INSTRUCTIONS FOR THE TASK -
Below are the records; give again exactly the line with "1942 german coin", the line with "Meet tiny deer", and each line that lies between them, and nothing besides.

INPUT -
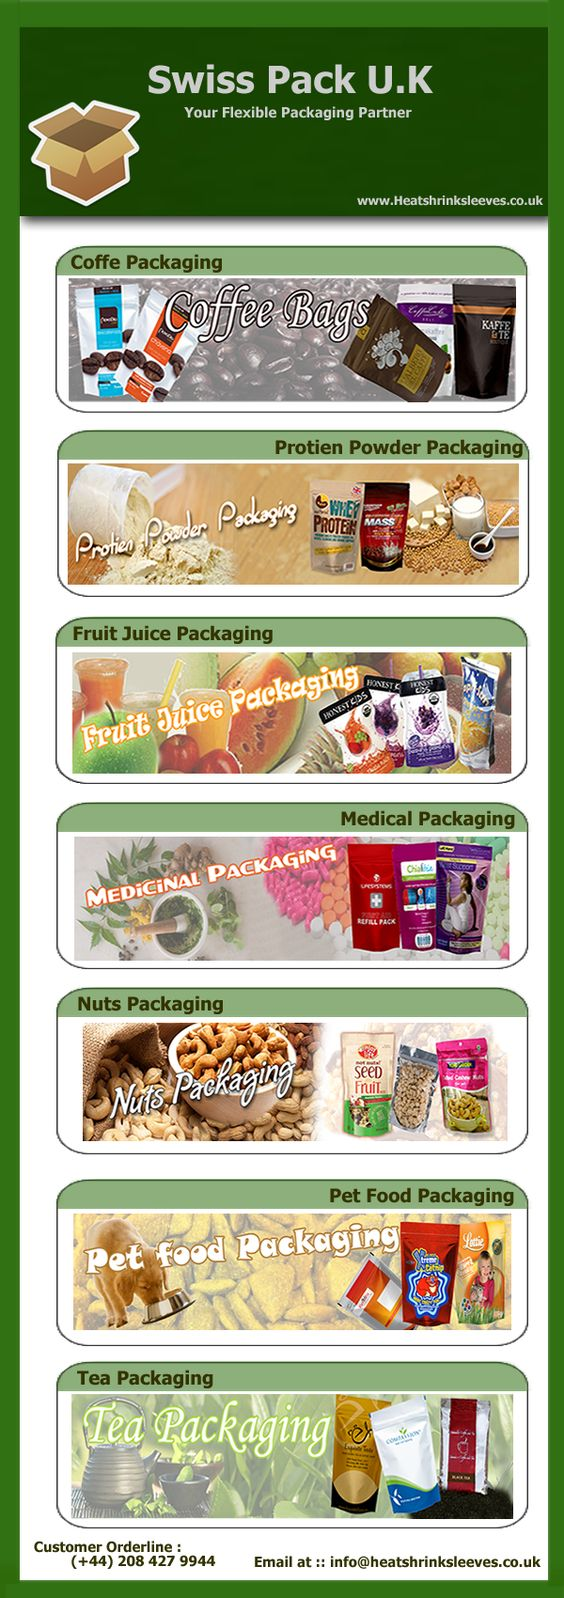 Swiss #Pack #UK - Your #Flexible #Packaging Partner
...
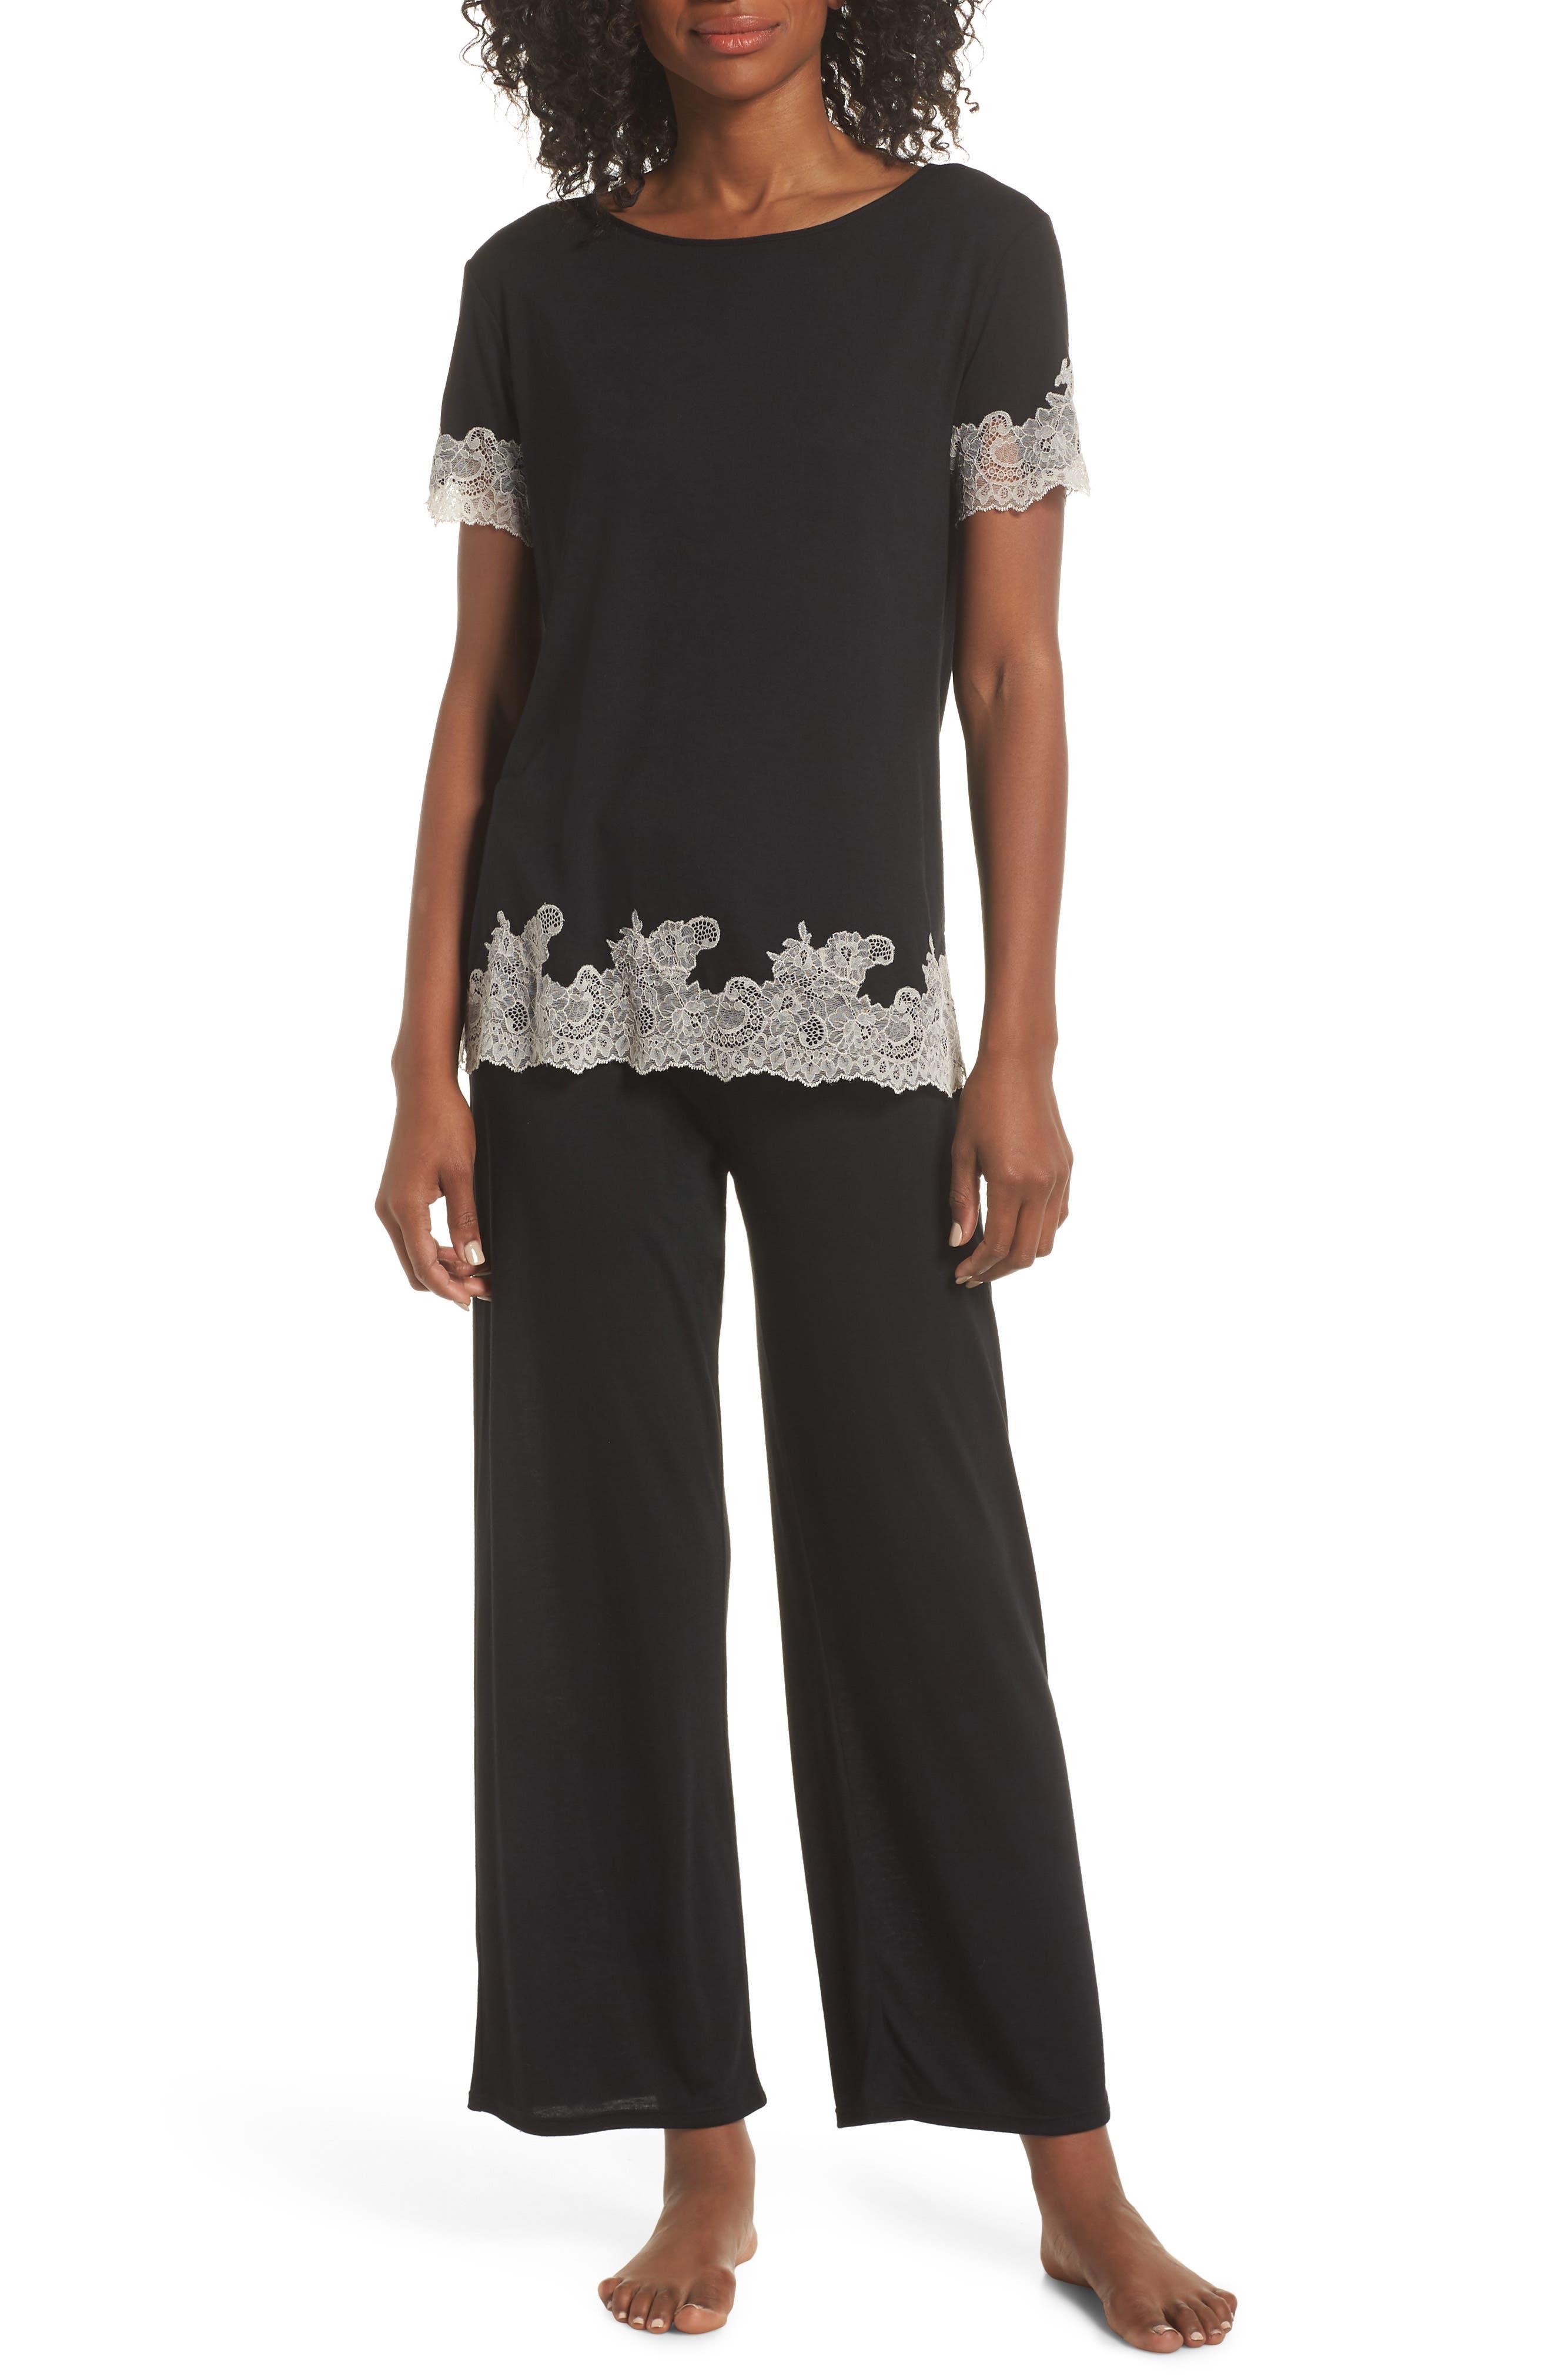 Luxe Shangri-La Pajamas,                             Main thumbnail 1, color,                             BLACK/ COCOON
--
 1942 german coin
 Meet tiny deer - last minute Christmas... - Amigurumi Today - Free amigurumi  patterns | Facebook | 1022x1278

ANSWER TO THIS PROBLEM -
 1942 german coin
 Meet tiny deer - last minute Christmas... - Amigurumi Today - Free amigurumi  patterns | Facebook | 1022x1278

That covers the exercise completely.